Recortados por los anaranjadas rayos del sol poniente, la silueta de un jinete a caballo
surgió de repente sobre la polvorienta colina que se alzaba sobre el desértico paisaje. El
cansancio se apreciaba tanto en la cabeza gacha de la montura, como los hombros del que lo
montaba. Siguieron el camino a paso firme y lento, un camino que apenas era un indicio de
sendero en el yermo. El insoportable calor del día aún estaba presente en el aire en el que
bruscas corrientes levantaban extrañas formas de la tierra reseca que pisaba el caballo. No
llegarían antes de la noche al amurallado y silencioso pueblo de piedra que divisaban a lo
lejos.

La sombra que vino con la marcha del sol no trajo frescor alguno, pues el calor empezó a
emanar del suelo. Este bochorno se había almacenado durante el día en la tierra, más cocida
que calentada por los implacables rayos del astro que ahora se había marchado. El jinete
intentó buscar algo más de comodidad, y echó para atrás su sombrero de ala ancha, que
llevaba hasta entonces calado hasta la cejas, así como retiraba también el pañuelo que le
tapaba la boca y nariz. Sus pelos estaban apelmazados por un sudor ya seco, y las partes
de su rostro que llevaba expuestas al aire hasta ese momento, mejillas, contorno de los ojos y
orejas, presentaban un color marrón oscuro, sugiriendo alguna extraña pintura de guerra.
Bebió de un casi vacío odre que cogió de las alforjas a sus izquierda, aunque sólo pareció
mojar sus labios de lo breve que fue ese. Mojó su mano enguantada y la ofreció al caballo
para que la lamiera, cosa que agradeció el exhausto animal.

Cuando la luna llena apareció, estaba a como un kilómetro de su objetivo. A la nueva luz,
las escasas sabandijas que rondaban el desierto nocturno pudieron por fin mirarlo bien. Su
porte ahora era regio, recto sobre su silla de montar. Su pelo corto, cortado a cepillo. Su
rostro de cuero avejentado transmitía paciencia y en cierta medida atisbo de una fuerte
voluntad.
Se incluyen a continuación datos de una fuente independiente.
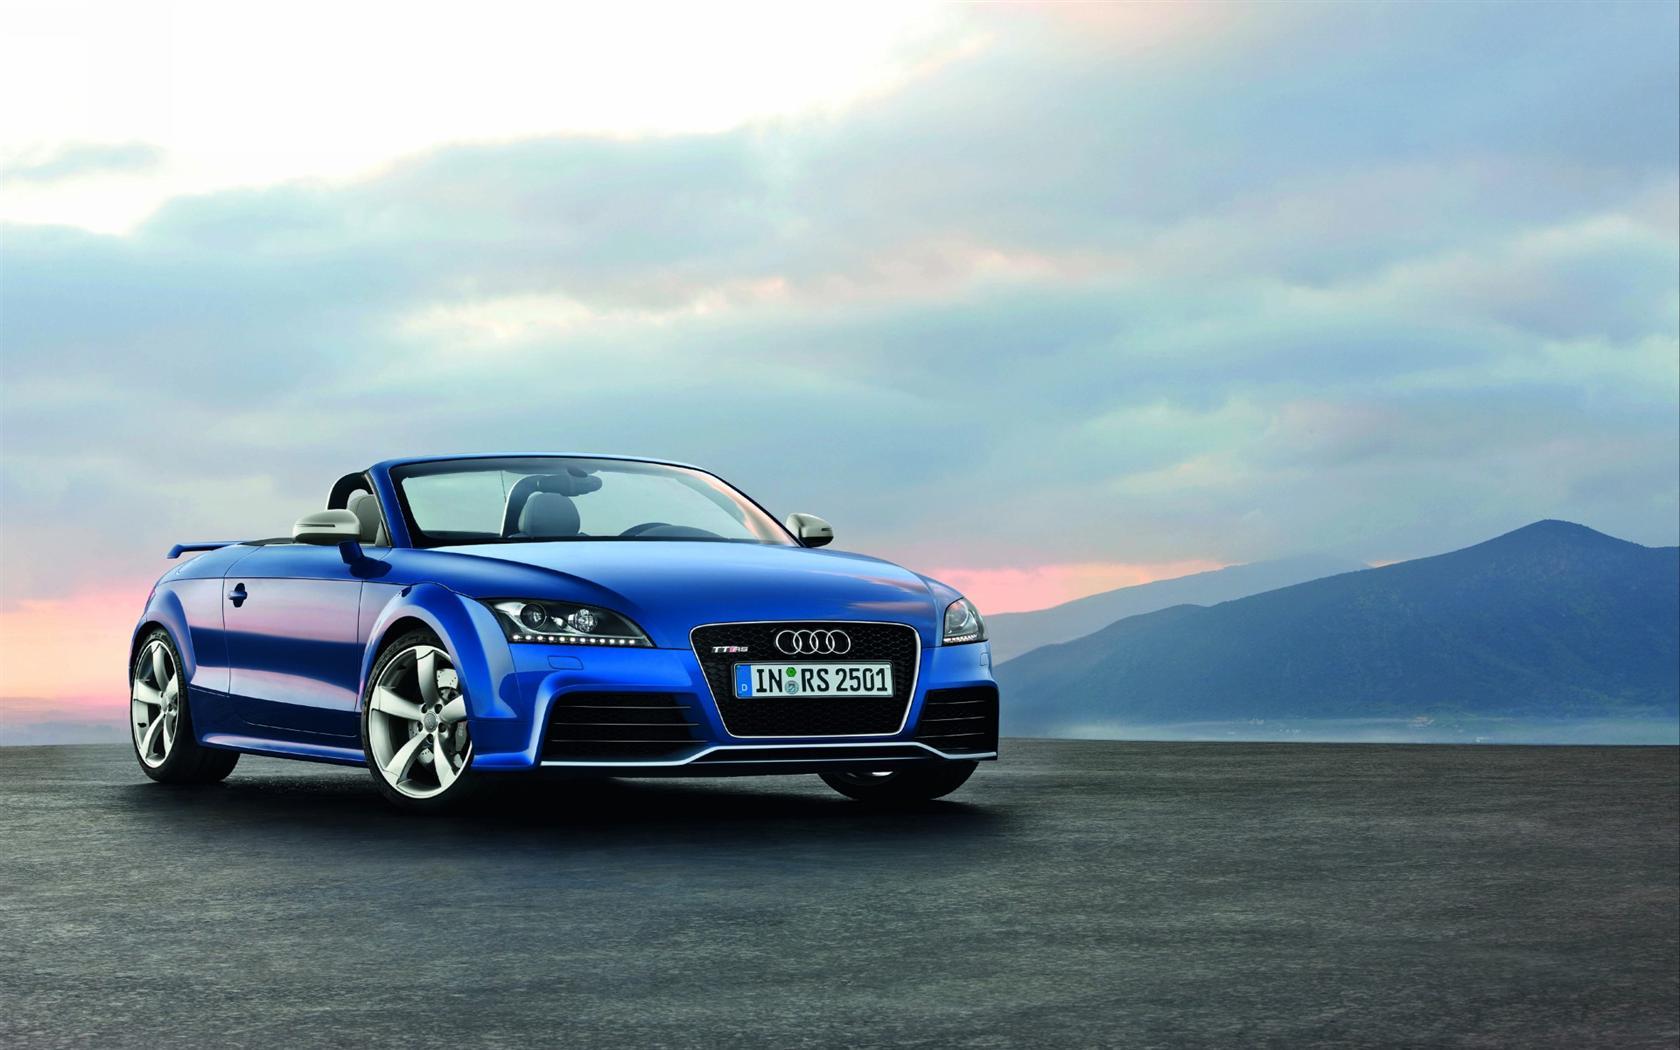 2010 Audi TT RS Image

Sus ojos atentos no dejaban de mirar tanto al camino como hacia la población ante
él.

Al poco, y sin desmontar, se quitó primero el sombrero que sujetó con un cordel a su silla de
montar. Después, se quitó por la cabeza el sobremanto, una pieza cuadrada de tela con una
abertura para la cabeza, que le tapaba hasta las pantorrillas. Lo enrolló, ató con un par de
cordeles y guardó en las alforjas de su derecha con un equilibrio que denotaba la fuerza de la
costumbre. Se pudo apreciar que vestía unos pantalones sin bolsillos y una camisa sin botones
de una muy maltratada y basta tela gris con parches color marrón claro, aunque tal vez
ambas prendas fueran originariamente blancas y el polvo incrustado de los caminos su tinte.
Más escarpes que calzado, unas botas de cuero sin cordones de aspecto flexible le cubría las
piernas hasta las rodillas. En sus manos los guantes parecían más bien guanteletes de cuero.
Bajo el pañuelo de su cuello, se adivinaba una gorguera, también de cuero. Pero lo que más
llamaba la atención de su atuento no era eso.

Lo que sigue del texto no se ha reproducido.